ADDRAR IV
Autonomous shore-launched retrieval robot.
- Status
- Active — final demo phase
- Role
- Vision · Tracking · Control · Firmware
- Duration
- Sept 2025 — May 2026
- Stack
- Raspberry Pi · ONNX · Python · Custom firmware · PD control
Overview
ADDRAR IV is a tethered autonomous robot built to retrieve floating debris from open water. It detects targets with a custom-trained vision model running on a Raspberry Pi, tracks them through frame-to-frame motion, and steers itself toward them with a closed-loop control system that talks to custom firmware on the motor controller.
I owned the vision pipeline, the tracking layer, the steering controller, and the embedded software end to end. This page is the case study from a year of iteration.
The problem
Marina debris is everywhere and almost nobody picks it up. The interesting engineering question is whether a small autonomous platform can do the job from shore — no GPS waypoints in the middle of the lake, no human in the cab, just a vision system and a propulsion stack reacting in real time.
The hard constraint is the environment. Water reflects everything, light changes minute to minute, debris drifts, the camera shakes, the tether snags. A classifier that works in a dry lab fails the first time a wave catches the sun. So the model and the control system have to be robust to motion, glare, and ambiguity — and they have to make decisions fast enough to keep up with a target that keeps moving.

What I built
The platform splits cleanly into four layers. A camera-and-Pi vision node runs the ONNX classifier at ~50 fps. A multi-target tracker turns per-frame detections into stable identities across time. A PD steering controller takes the active target's position relative to the boat and produces a heading correction. And custom motor firmware translates that correction into differential thrust, with a TURN_HARD logic block that eliminates the reverse-and-replan loops the earlier firmware kept falling into.

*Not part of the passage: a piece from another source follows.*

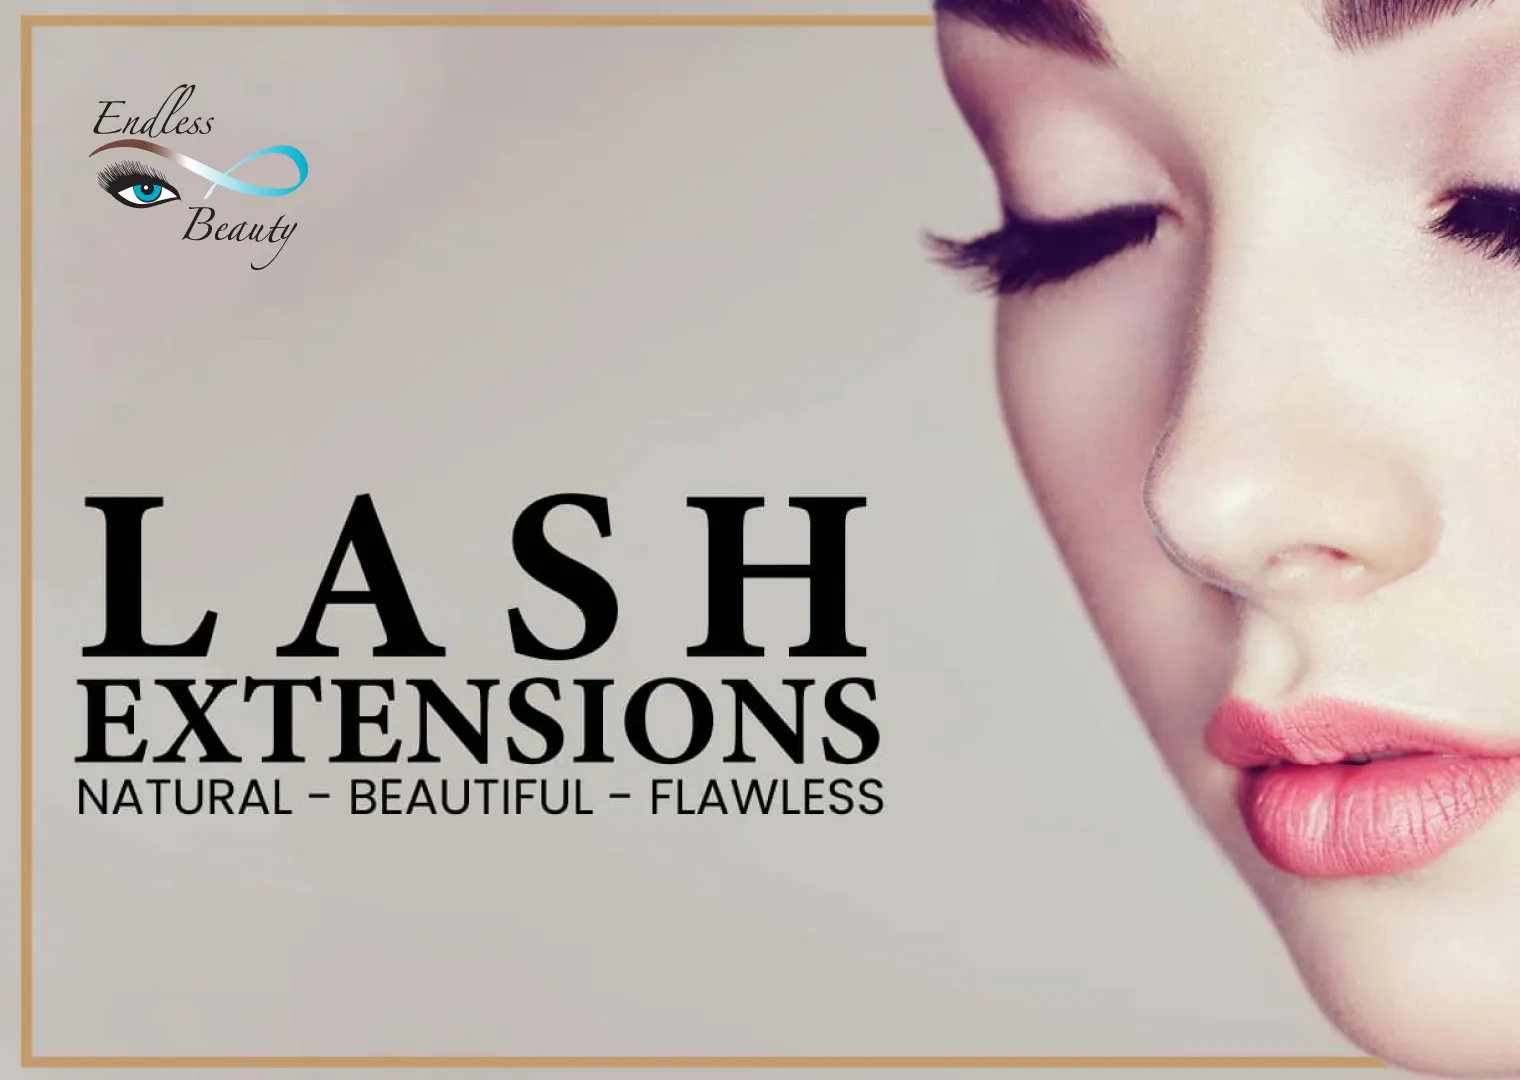 My Endless Beauty - Lash Extensions

Everything talks over serial. The Pi is the brain, the motor controller is the body, and the tether is the umbilical that brings power in and telemetry out.
Results
- 76.9%
- True positive rate
- 4.2%
- Land false-positive rate
- ~50 fps
- On-device inference
- 19
- Fixes shipped in the 5/6 rebuild
How it works
The detector is an FP32 ONNX export of a custom-trained YOLO-class model. I evaluated quantized variants but the FP32 demo model is the deploy artifact — quantization hurt recall on the small-target class enough that it broke the rest of the pipeline downstream.

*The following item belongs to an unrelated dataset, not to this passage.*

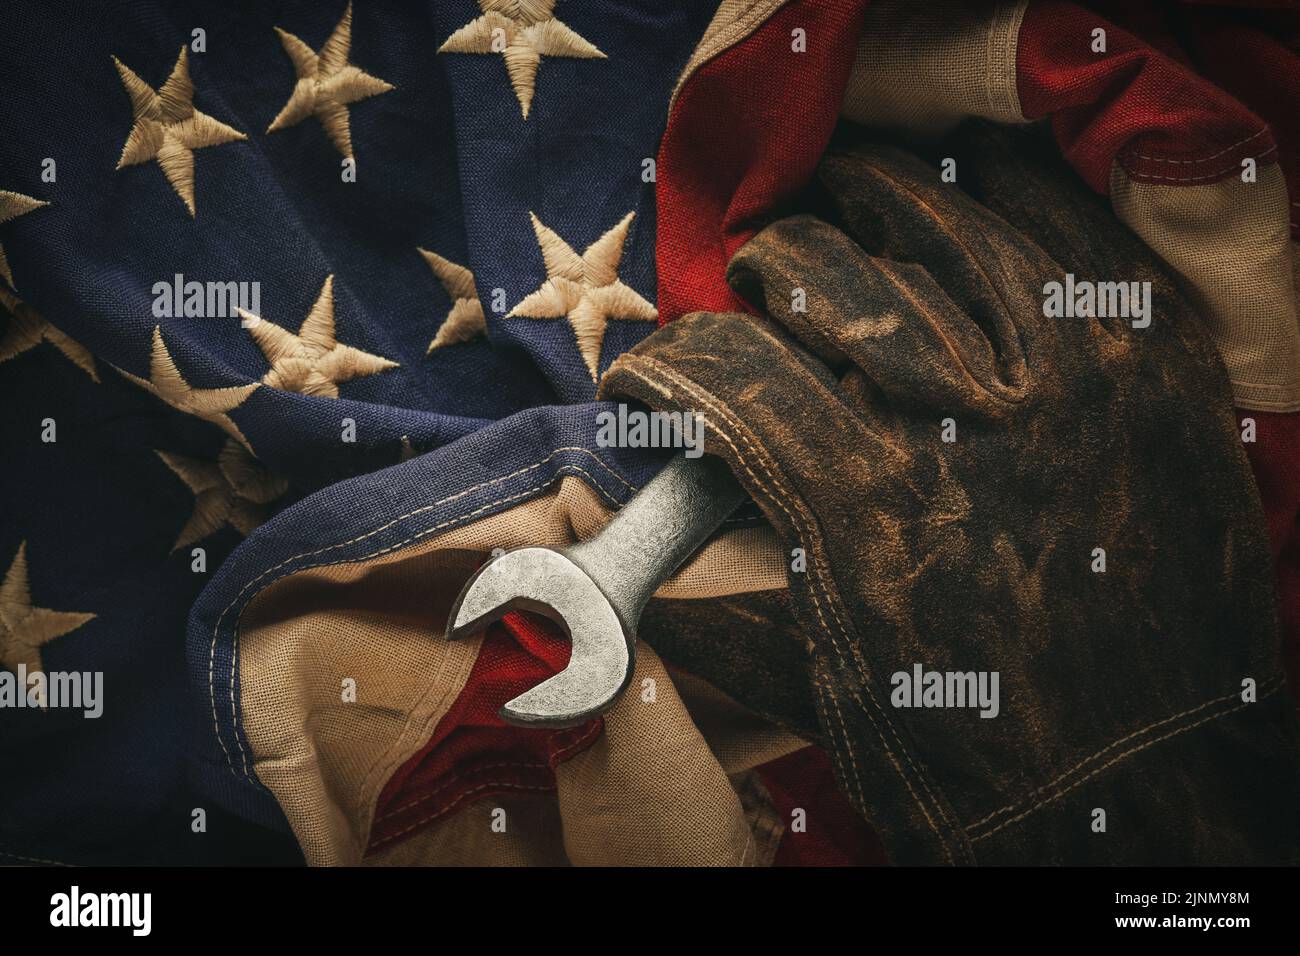 Worn work glove holding old wrench and US American flag. Made in USA, American workforce, blue collar worker, or Labor Day concept. Stock Photo

The tracker is the part that took the most iteration. The flicker problem — a target popping in and out across frames — was killing the controller, because every flicker reset the steering input and the boat would oscillate. I rebuilt the tracker around a hit-streak heuristic that holds an identity through short gaps and rejects single-frame spurious detections. That eliminated the oscillation almost entirely.
Steering is a vanilla PD controller. The proportional term reacts to current bearing error, the derivative term damps overshoot. It works because the rebuilt tracker keeps the input clean.

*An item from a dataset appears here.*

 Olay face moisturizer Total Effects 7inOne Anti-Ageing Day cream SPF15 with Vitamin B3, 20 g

“The flicker fix was the single biggest unlock — once the tracker stopped lying to the controller, the controller stopped doing dumb things.”
What's next
Tightening the model on edge cases — glare off the water and partial occlusions still trip recall. The plan is one more round of targeted data collection on the failures and a fresh training pass.
On the control side, the open question is whether to layer a smarter search behavior on top of PD steering when no target is in view. Right now the boat holds heading; a slow lawnmower sweep would catch off-frame targets faster.